Bug #41183 rpl_ndb_circular, rpl_ndb_circular_simplex need maintenance, crash
Submitted: 2 Dec 2008 19:17 Modified: 11 Feb 2009 16:25
Reporter: Matthias Leich Email Updates:
Status: Closed Impact on me:
None 
Category:Tests: Cluster Severity:S3 (Non-critical)
Version:5.1 OS:Any
Assigned to: Andrei Elkin CPU Architecture:Any

[2 Dec 2008 19:17] Matthias Leich
Description:
rpl_ndb_circular and rpl_ndb_circular_simplex are
since some time disabled in MySQL 5.1 because of
   Bug#33849 COMMIT event missing in cluster

BUG#33849 is closed by Andrei Elkin.
A comment within this bug states:
    [27 Jun 12:31] Konstantin Osipov
    The bug was fixed by the fix for Bug#36197
    Bug#36197 is fixed.

Both tests were again enabled in MySQL 6.0.
But t/disabled.def in MySQL 5.1 was not changed.
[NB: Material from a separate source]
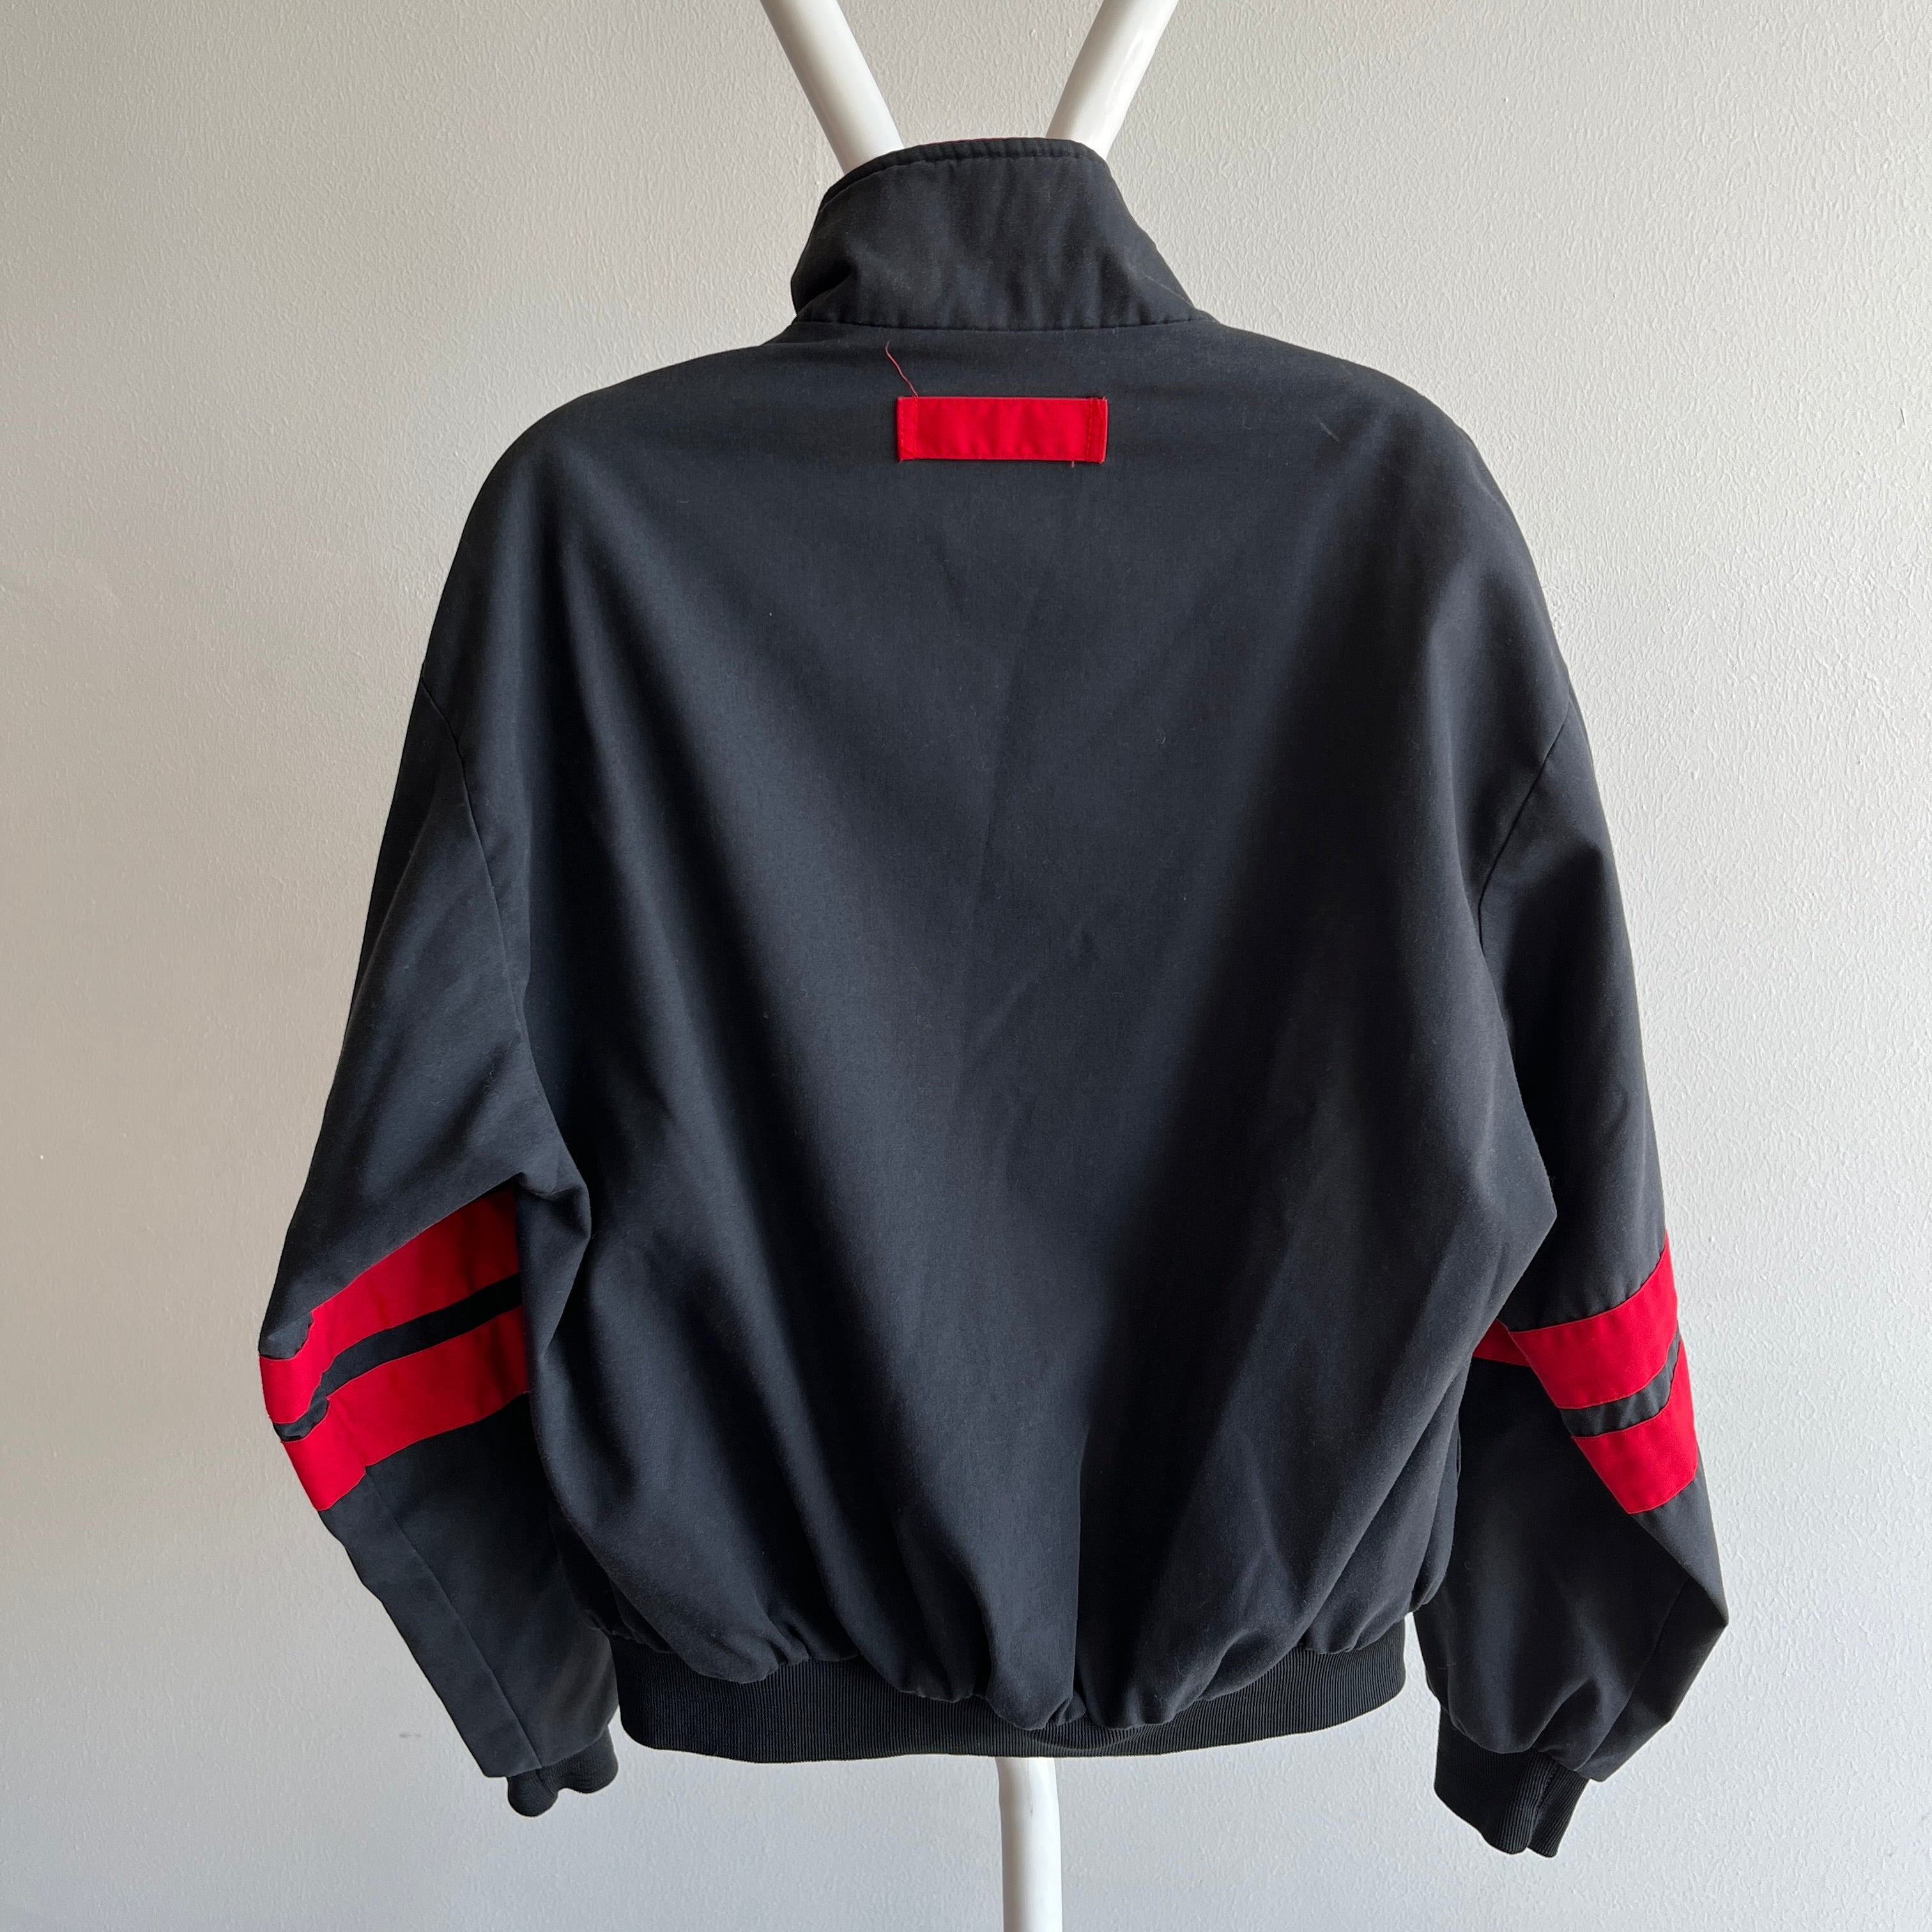 1980/90s Winston Racing Zip Up Jacket with Double Stripes

My attempts to run both tests in 5.1 failed with
a crash of the master server during execution of
a "COMMIT".
./mysql-test-run.pl --mem --mysqld=--binlog-format=row --testcase-timeout=20 --suite=rpl_ndb rpl_ndb_circular
...
TEST                           RESULT         TIME (ms)
-------------------------------------------------------
mysql-test-run: WARNING: Forcing kill of process 12330
mysql-test-run: WARNING: Forcing kill of process 12347
rpl_ndb.rpl_ndb_circular       [ fail ]

mysqltest: At line 34: failed in 'show engine ndb status': 2006 MySQL server has gone away

The result from queries just before the failure was:
stop slave;
drop table if exists t1,t2,t3,t4,t5,t6,t7,t8,t9;
reset master;
reset slave;
drop table if exists t1,t2,t3,t4,t5,t6,t7,t8,t9;
start slave;
RESET MASTER;
CHANGE MASTER TO master_host="127.0.0.1",master_port=SLAVE_PORT,master_user="root";
START SLAVE;
CREATE TABLE t1 (a int key, b int) ENGINE=ndb;
SHOW TABLES;
Tables_in_test
t1
INSERT INTO t1 VALUES (1,2);
INSERT INTO t1 VALUES (2,3);

I will attach my master.err.
Snip of its content:
081202 21:55:50 [Note] NDB Binlog: logging ./test/t1
mysqld: handler.cc:1081: int ha_commit_trans(THD*, bool): Assertion `thd->transaction.stmt.ha_list == __null || trans == &thd->transaction.stmt' failed.
081202 21:55:52 - mysqld got signal 6 ;

thd: 0x12ba538
Attempting backtrace. You can use the following information to find out
where mysqld died. If you see no messages after this, something went
terribly wrong...
stack_bottom = 0x40af80f0 thread_stack 0x40000
/work2/5.1/mysql-5.1-bugteam-combined/sql/mysqld(my_print_stacktrace+0x32)[0xaf204e]
/work2/5.1/mysql-5.1-bugteam-combined/sql/mysqld(handle_segfault+0x28a)[0x6b0579]
/lib64/libpthread.so.0[0x7fad6bd84b30]
/lib64/libc.so.6(gsignal+0x35)[0x7fad6af8a5c5]
/lib64/libc.so.6(abort+0x183)[0x7fad6af8bbb3]
/lib64/libc.so.6(__assert_fail+0xe9)[0x7fad6af831e9]
/work2/5.1/mysql-5.1-bugteam-combined/sql/mysqld(_Z15ha_commit_transP3THDb+0x107)[0x7f2161]
/work2/5.1/mysql-5.1-bugteam-combined/sql/mysqld(_Z9end_transP3THD25enum_mysql_completiontype+0x131)[0x6c15ae]
...

Trying to get some variables.
Some pointers may be invalid and cause the dump to abort...
thd->query at 0x12cb48d = COMMIT
thd->thread_id=8
thd->killed=NOT_KILLED

My environment:
mysql-5.1-bugteam  last changeset ~ Nov 2008
Linux OpenSuSE 11.0 64 Bit, Intel Core2Duo 64 Bit

How to repeat:
See above

Suggested fix:
1. If this crash happens because some prerequisites
   needed are missing
   a) modify the server so that the poor user gets
      a hint what is missing within master.err
   b) modify the test so that
      - it is checked if the prerequisites exist
        (the usual include/have_...)
      or
      - the prerequisites are created
2. If this is a server bug
   Please adjust t/disabled.def so that it points
   to this bug.
[2 Dec 2008 20:17] Matthias Leich
master.err

Attachment: master.err (application/octet-stream, text), 10.08 KiB.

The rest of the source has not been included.